= Paradise Wood =

Paradise Wood is a research woodland established by the Earth Trust (formerly Northmoor Trust) between the villages of Little Wittenham and Long Wittenham in Oxfordshire England. It has evolved to become the largest collection of hardwood forestry trials in Britain.

Planning for the wood started in 1992 and tree planting began in 1993. The Research Woodland was originally conceived and developed by Gabriel Hemery and was established as a centre for research into the improvement of the quality and productivity hardwood trees. The ultimate aim is to create a woodland of 55 hectares in area. It contains a large number of trials supervised by the Future Trees Trust.
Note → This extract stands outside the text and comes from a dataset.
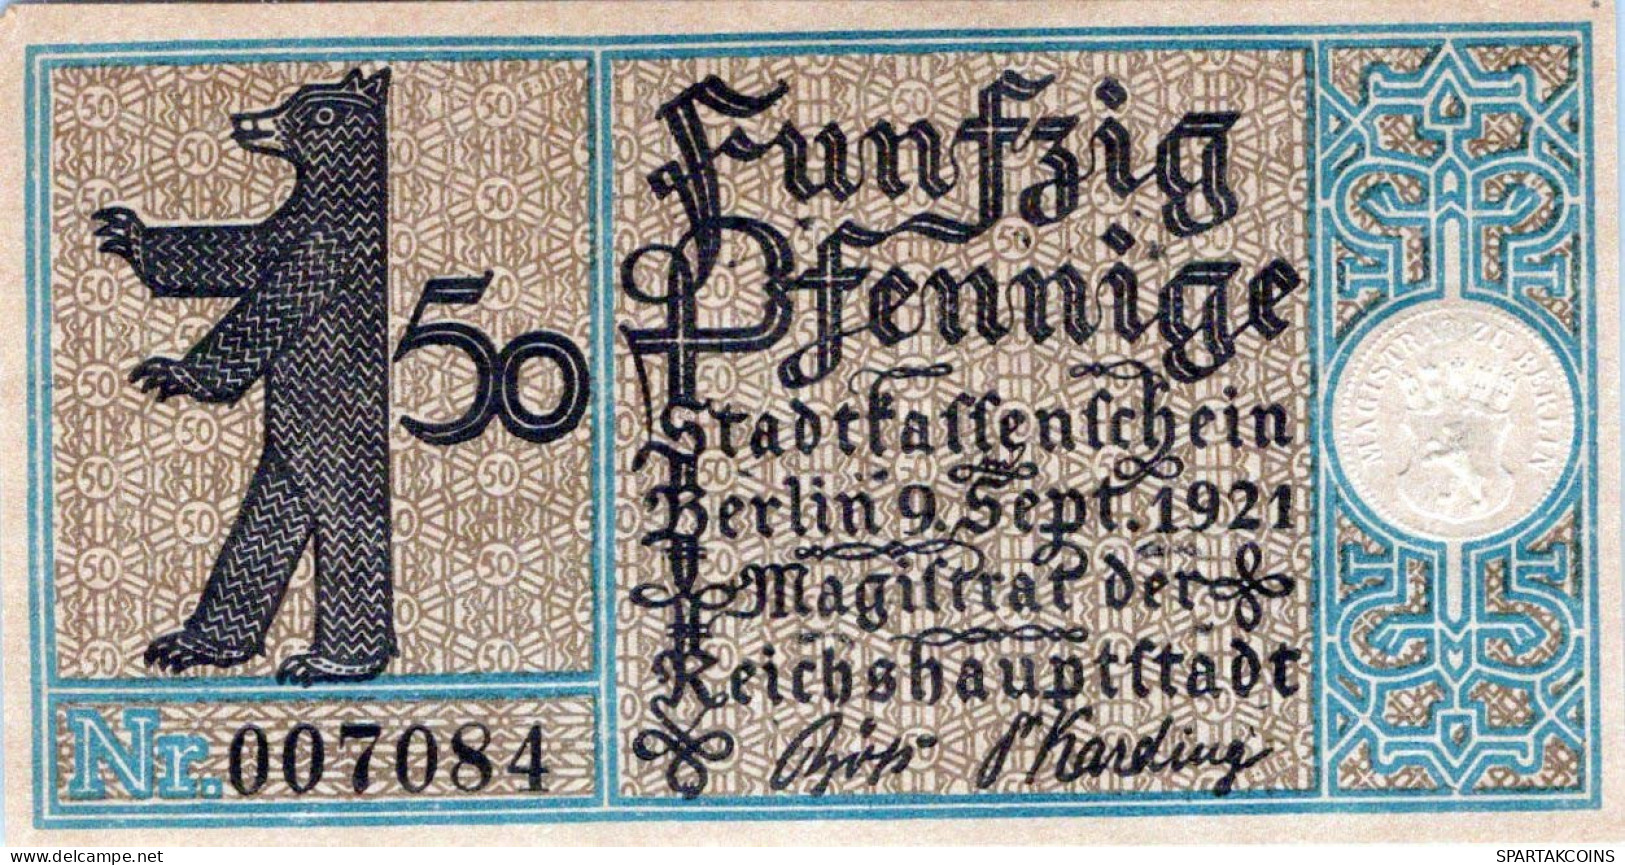 50 PFENNIG 1921 Stadt BERLIN DEUTSCHLAND Notgeld Banknote #PF550 - [11] Emisiones Locales

On the northern edge of Paradise Wood a small community woodland was planted in 2005 to commemorate the 200th anniversary of the Battle of Trafalgar. It was named after as part of a project with the Woodland Trust. It provides free public access and contains some oak trials.

==Research trials==
Ash
- Breeding Seedling Orchard of ash established in 1993 with BIHIP.
- This research trial has become increasingly important over the last few years since ash dieback arrived in Britain in 2012. The disease was first recorded in the woodland in 2015.
- This trial is part of the Living Ash Project.

Beech
- Provenance trial of beech established in 2005 on behalf of Forest Research and an EU research network.

Cherry
- A clonal trial of wild cherry established in 2005 on behalf of East Malling Research (then Horticulture Research International) as part of a research programme to develop the WildStar TM clones.

Oak
- A provenance trial of oak collected across the UK and Ireland.

Walnut
- A provenance trial of walnut collected from Kyrgyzstan and 12 other countries across Asia and Europe.
- A silviculture trial of walnut testing walnut in mixture with various species including nitrogen fixing trees and shrubs.
- A trial of hybrid walnut.

Agroforestry or 'silvo-poultry'
- The Poultry In Natural Environments (PINE) experiment ran for a number years in the 2000s, where free-range broilers were reared under newly planted trees. The system was reportedly very robust economically.

==Volunteering==
In 2012, Earthwatch Institute, a global non-profit that teams volunteers with scientists to conduct important environmental research, launched a program called "Paradise Wood - Experimental Plantation in England." This unique project, run jointly by Earthwatch and the Earth Trust, allows volunteers to join studies to help forest managers grow trees successfully in light of predicted climate change.